Treasury Floats Nine Year KSh60bn Infrastructure Bond

Treasury Floats Nine Year KSh60bn Infrastructure Bond

The National Treasury has floated a KSh60 billion infrastructure bond, the first issue this year. 

The 9-year bond is intended to fund infrastructure projects in the fiscal year 2019/20 budget estimates.

It has a 10.850% coupon rate. 

“The Bond will be tax free as is the case for infrastructure Bonds as provided for under the income Tax Act,” said CBK in the prospectus.

However, “The Central Bank will rediscount the bond as a last resort at 3% above the prevailing market yield or coupon rate whichever is higher, upon written confirmation to do so from the Nairobi Securities Exchange.”

The paper is on sale between 26/03/2020 to 07/04/2020. Received bids will be auctioned on Wednesday, 08/04/2020.

The bond will be listed on the Nairobi Securities Exchange with a likelihood of being re-opened at a future date.

Last week,  the Central Bank of Kenya raised Kshs 35.2 billion below its target of Ksh 50 billion from its FXD1/2018/20 and the reopened FXD1/2018/25 with effective tenors of 18.0-years and 23.0-years, respectively, and coupon rates of 13.2% and 13.4%, respectively for budgetary support.

The low performance is mainly attributable to the relatively long tenor periods of the two bonds with most investors trying to minimize duration risk.
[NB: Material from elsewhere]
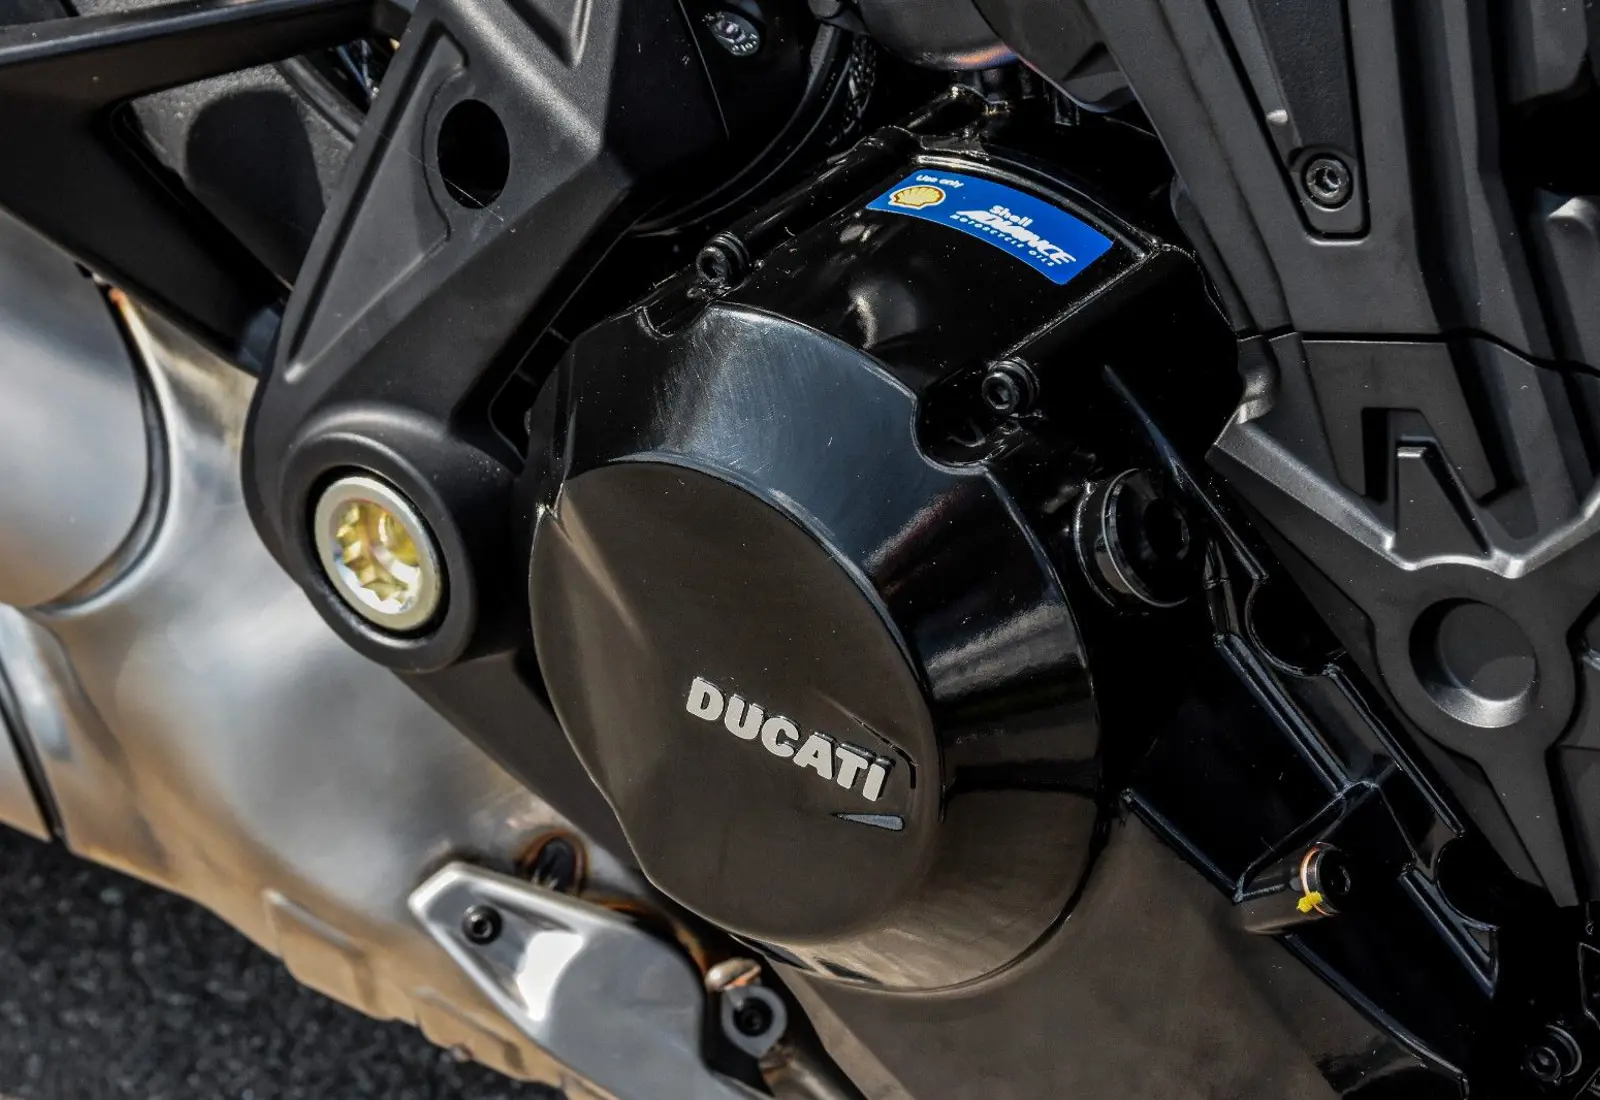 Ducati X-Diavel Nera * POLTRONA FRAU * 1 OF 500 * LIMITED ED - 44490

The yield on the 20-year bond came in at 13.5%, while the yield on the 25-year bond came in at 13.8%, compared to our expectations of 12.9% – 13.0% and 13.4% – 13.6% for the 20-year bond and 25-year bond, respectively.

“Last week’s bond auction offered no fresh guidance on interest rate expectations. On the supply side, baring fiscal threats presented by COVID-19, the government is at a good place having borrowed KES 292Bn, less than KES 10Bn shy of its full-year borrowing target. Further, the government has over the last three weeks paid down its overdraft facility with the central bank from KES 59.19Bn to KES 25.74Bn underscoring limited liquidity strains,” commentary from NCBA Research.